Стук копыт и грохот колес уезжающей кареты постепенно стих, однако никто, похоже, открывать не собирался. Путник дернул колокольчик еще раз, причем значительно решительнее. Откуда-то донеслось позвякивание. Джентльмен прислушался. Прошло несколько минут, и ему пришлось признать, что все его старания оказались напрасными: никто из слуг милорда так и не проснулся. Молодой человек стоял обдумывая создавшееся положение. Возможно, хотя и маловероятно, хозяева дома покинули Лондон, не сняв с двери молоток или не закрыв окна ставнями. Желая удостовериться в этом, джентльмен отошел на тротуар и принялся внимательно разглядывать особняк. Запертых ставен он нигде не обнаружил, более того, одно из окон первого этажа на поверку оказалось слегка приоткрытым. Молодому человеку хорошо было известно, что через это окно можно проникнуть в столовую. Пробраться в дом таким образом не составляло для него решительно никакого труда. Скинув с себя сюртук и убедившись, что ночного сторожа нигде поблизости нет, джентльмен продемонстрировал безучастной луне, что у полковника Дэна Маккиннона[1] из Колдстримского гвардейского полка есть ловкий соперник, способный на самые отчаянные акробатические сумасбродства.
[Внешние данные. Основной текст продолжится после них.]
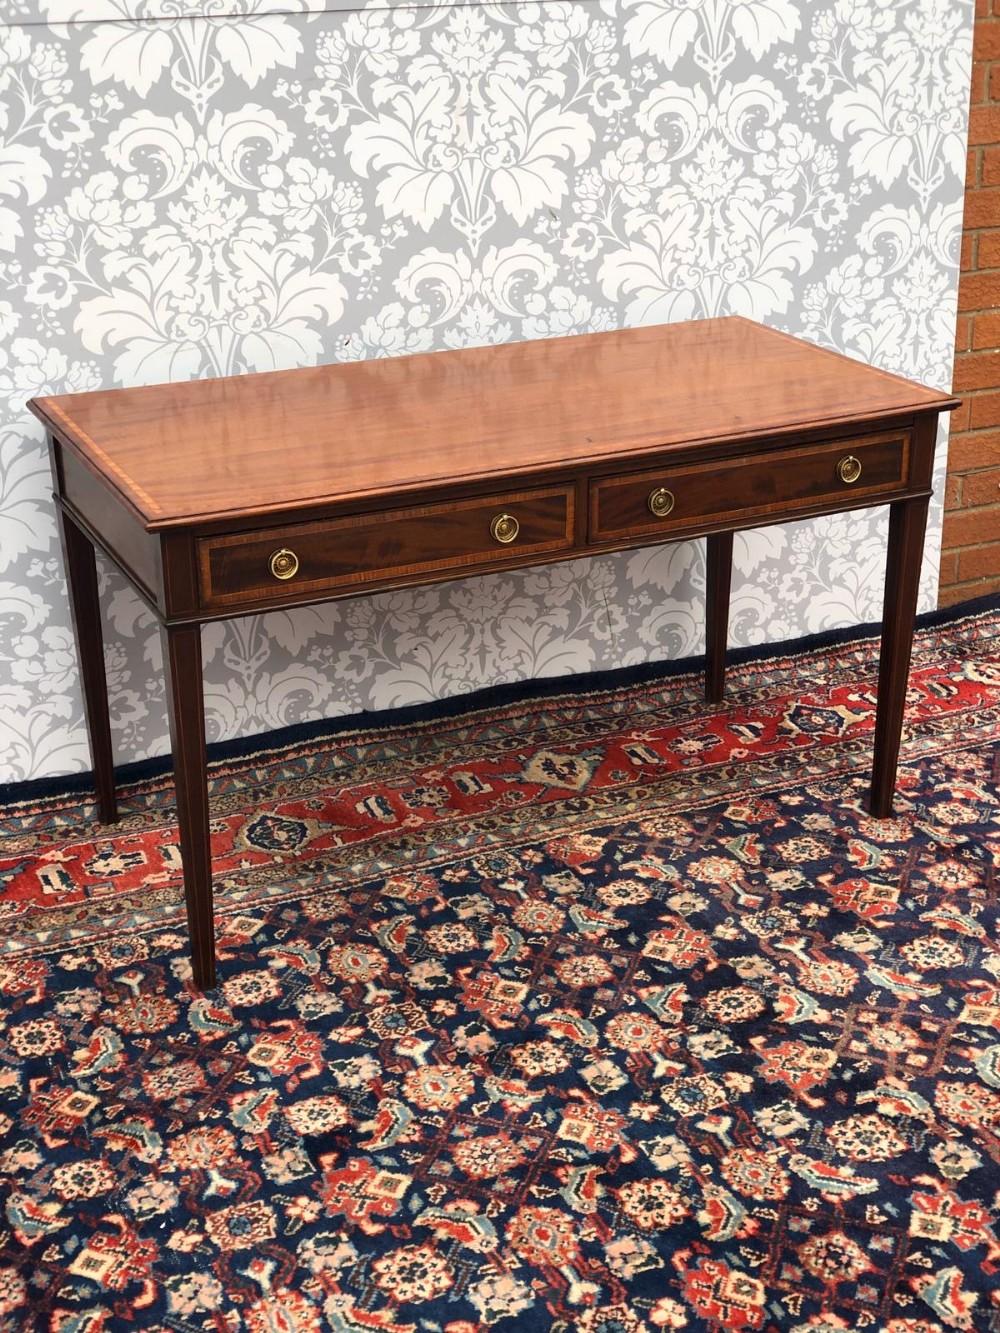 stunning inlaid 2 drawer writing desk mahogany fully restored superb order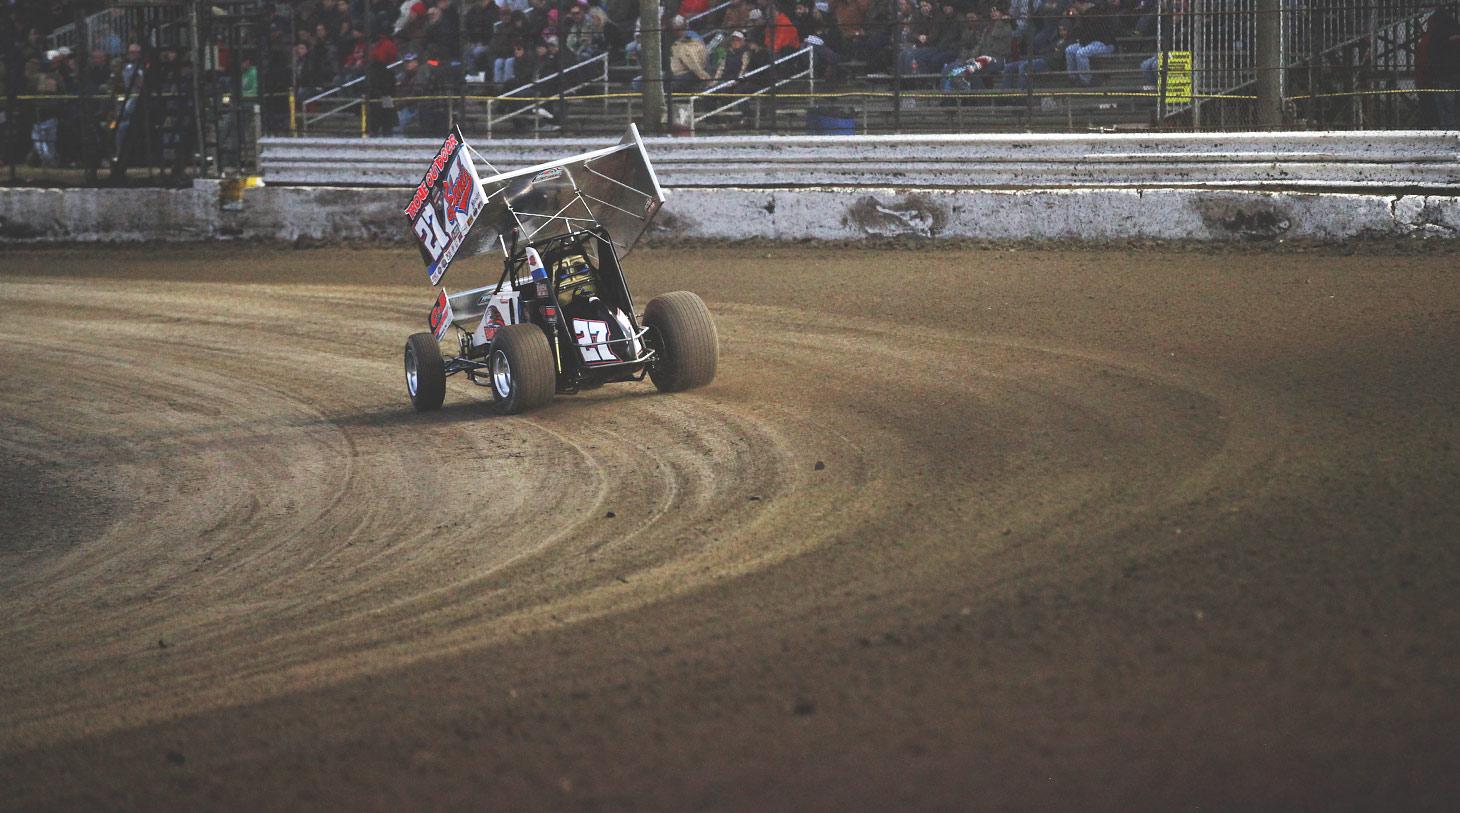 Hodnett blasts through turn 4 at Volusia | Photo: Jeffrey Turford

Впрочем, если начистоту, достопочтенный[2] Кристофер Фенкот не был лично знаком с полковником, а свое стремление добраться до подоконника не счел рискованным и весьма затруднительным предприятием. Без видимого напряжения достигнув нижней оконной рамы, молодой человек проник в дом. Спустя пару минут он очутился в вестибюле, где на столике с мраморной столешницей обнаружил слабо горящую масляную лампу, подле которой стоял серебряный подсвечник с водруженной в него незажженной свечой. Заметив это, не лишенный сообразительности мистер Фенкот сделал вывод: знатный владелец дома приказал своим слугам не ждать его прихода и ложиться спать. Парадная дверь оказалась не запертой на засов, что лишь упрочило его в такой догадке.

Молодой человек открыл дверь, намереваясь занести свой саквояж с крыльца в дом, и улыбнулся, вообразив, как его светлость озадачится, придя домой и обнаружив у себя в кровати того, кому там уж никак быть не полагалось. Наверняка граф решит, что выпил лишнего. Проказливая улыбка не сходила с губ джентльмена, пока он, зажегши свечу от огня лампы, не направился к лестнице, ведущей наверх.

Мягко ступая, молодой человек тихо стал подниматься по лестнице, держа в одной руке подсвечник, а в другой – саквояж. Сюртук он накинул себе на плечи. Ни одна ступенька не скрипнула под его ногами, но когда он миновал второй пролет, дверь этажом выше открылась.

– Это ты, Эвелин? – раздался встревоженный голос.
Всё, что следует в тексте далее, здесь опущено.